(Your goal):
Write the listing out again exactly as it stands, with no images.

(Supplied material):
━━━━━━

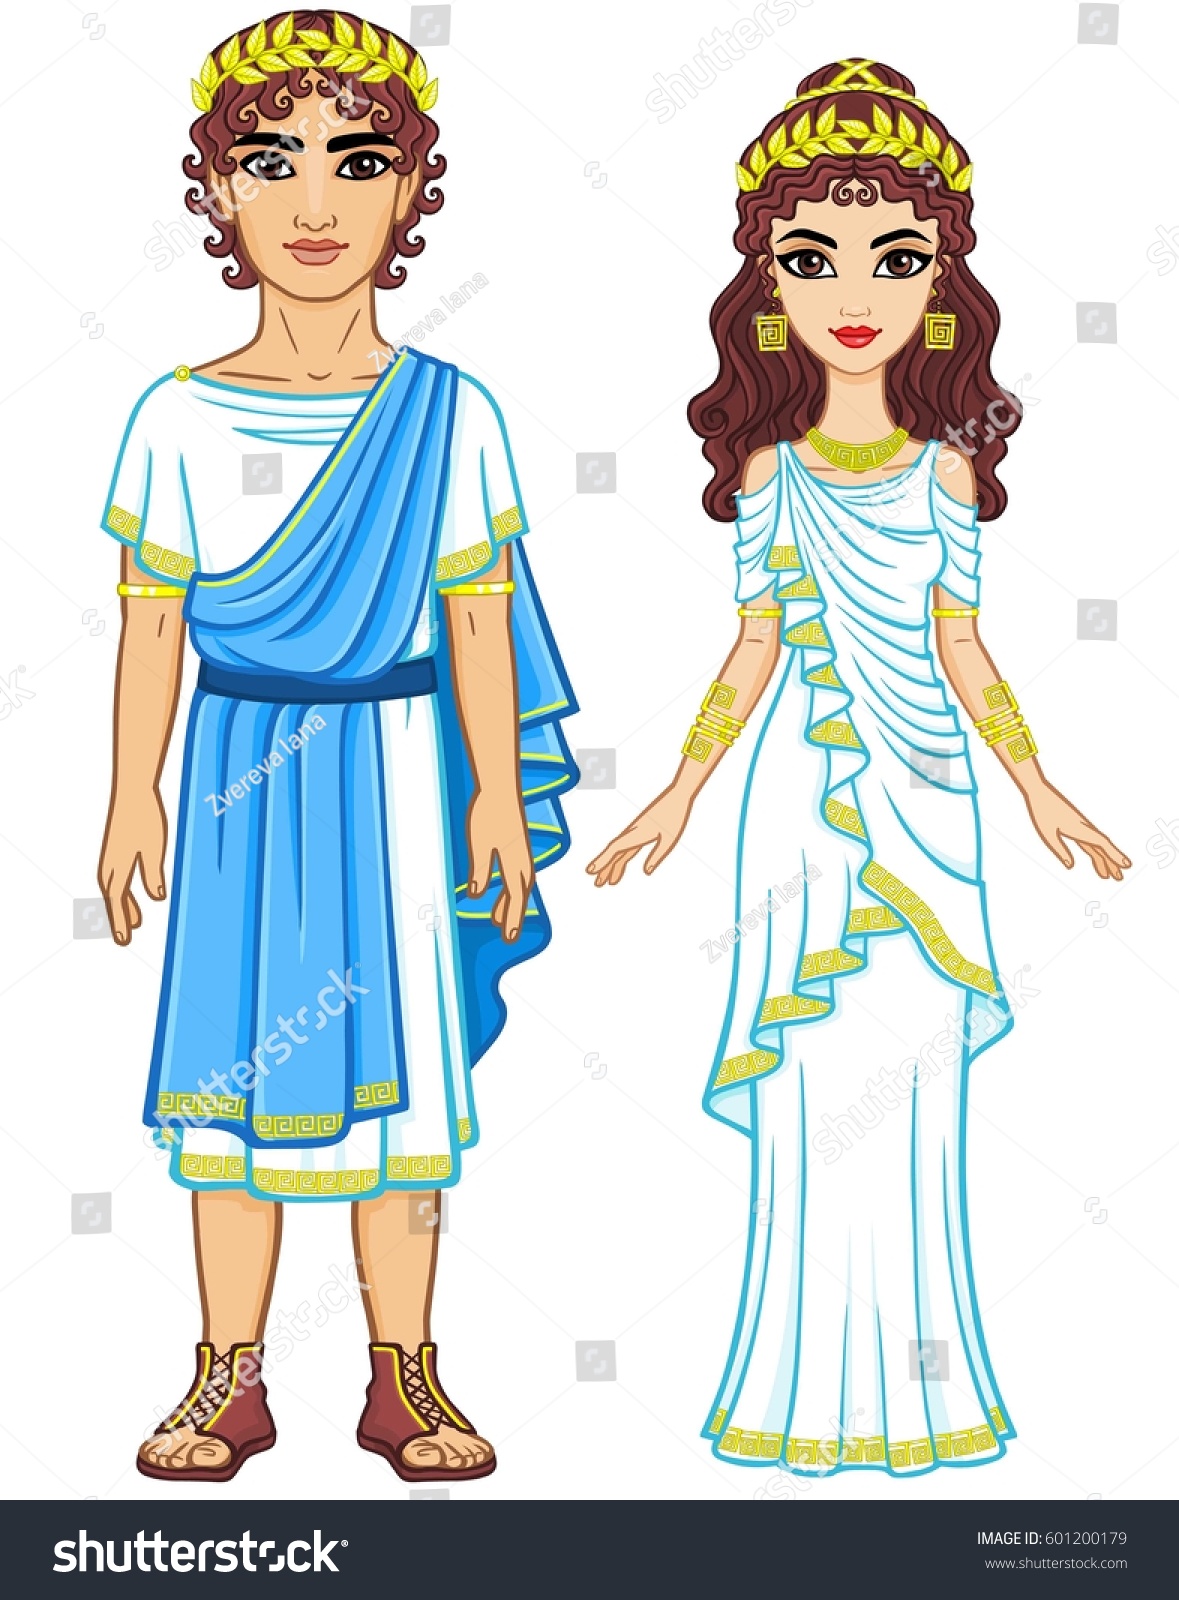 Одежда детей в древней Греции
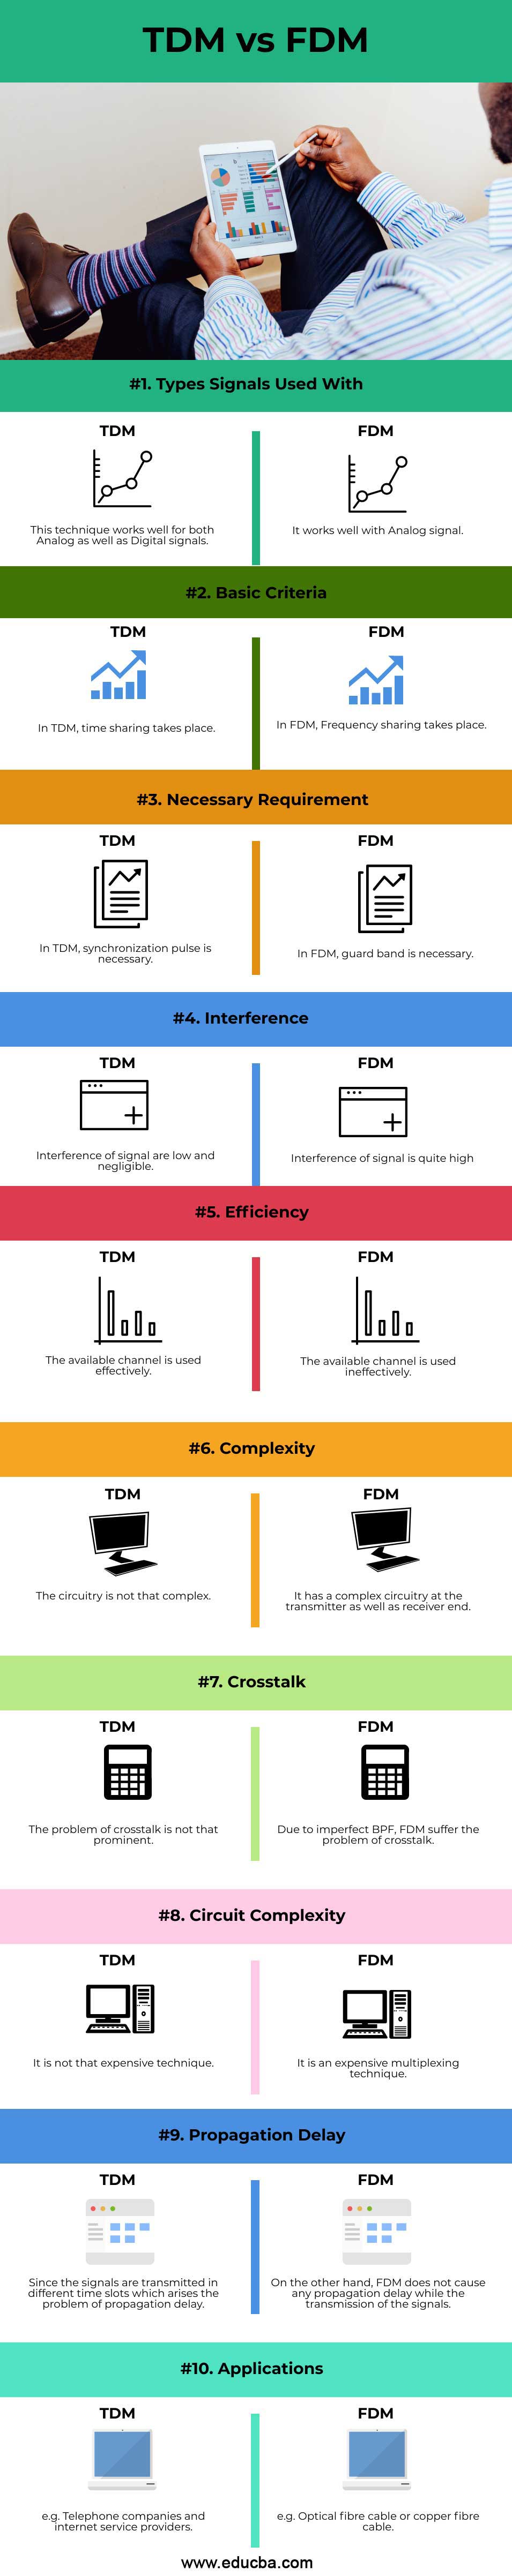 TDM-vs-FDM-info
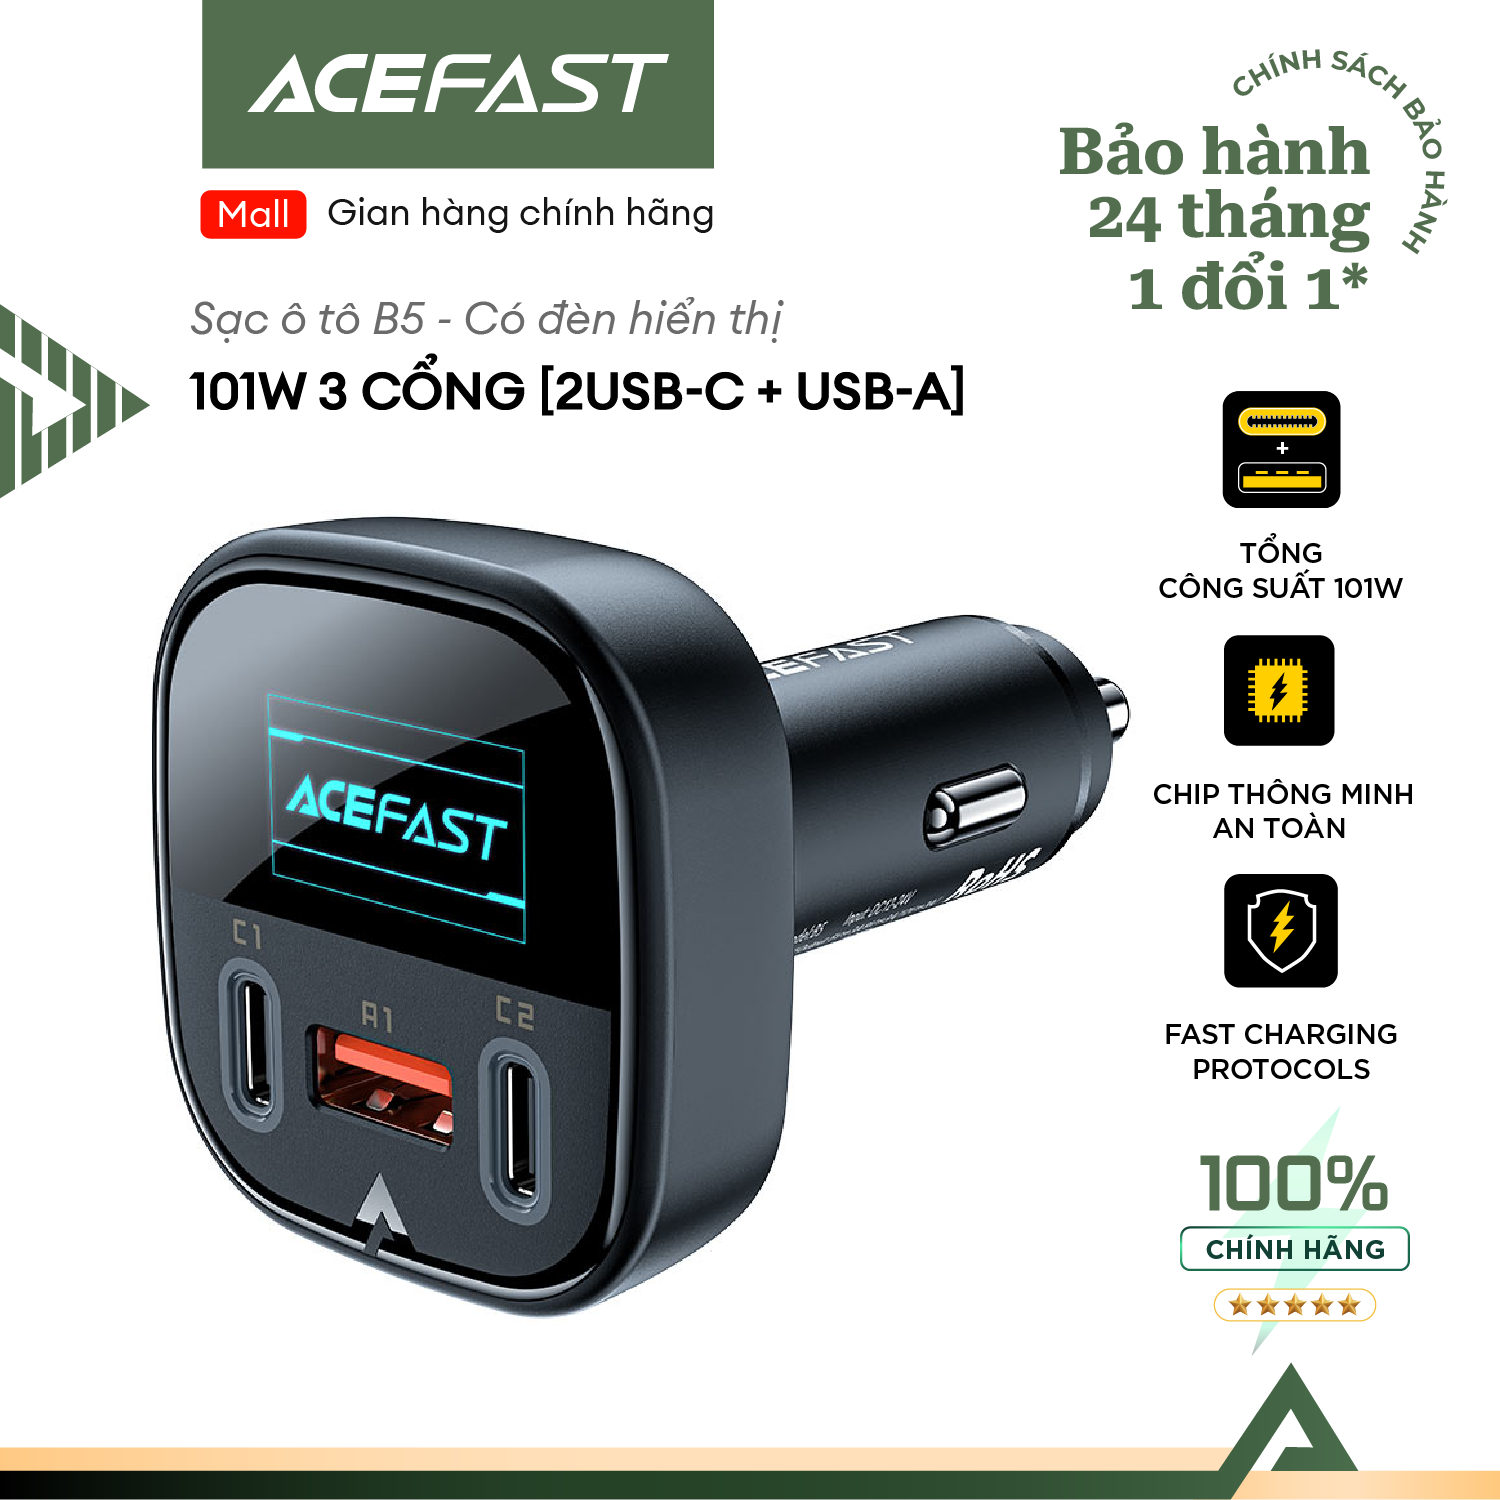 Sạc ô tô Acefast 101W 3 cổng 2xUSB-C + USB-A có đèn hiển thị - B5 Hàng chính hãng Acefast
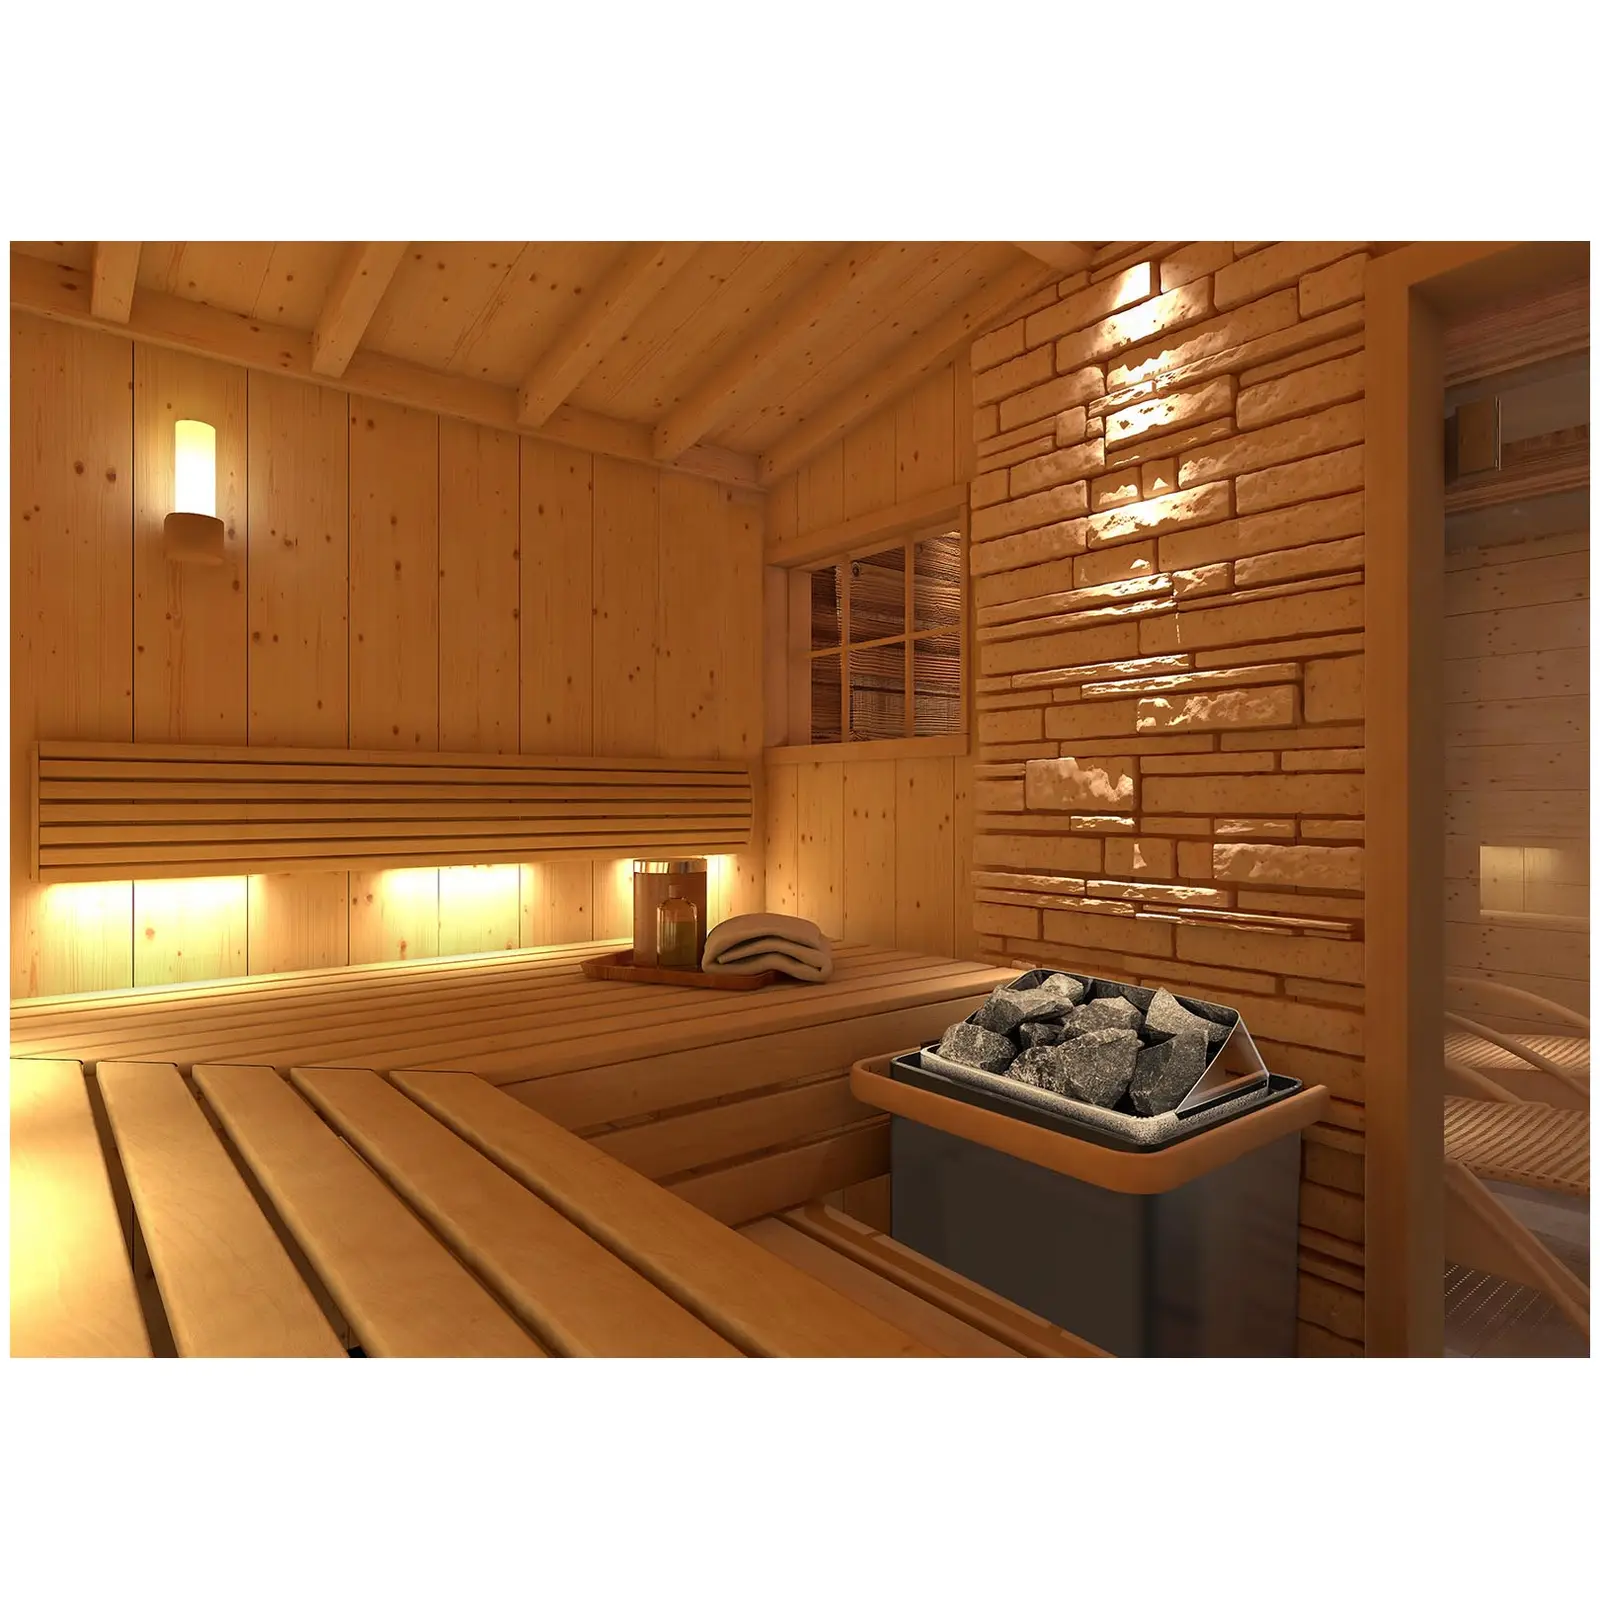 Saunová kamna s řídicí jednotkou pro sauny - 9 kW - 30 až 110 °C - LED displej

━━━━━━

(Written answer):
 Одежда детей в древней Греции
 TDM-vs-FDM-info
 Sạc ô tô Acefast 101W 3 cổng 2xUSB-C + USB-A có đèn hiển thị - B5 Hàng chính hãng Acefast
 Saunová kamna s řídicí jednotkou pro sauny - 9 kW - 30 až 110 °C - LED displej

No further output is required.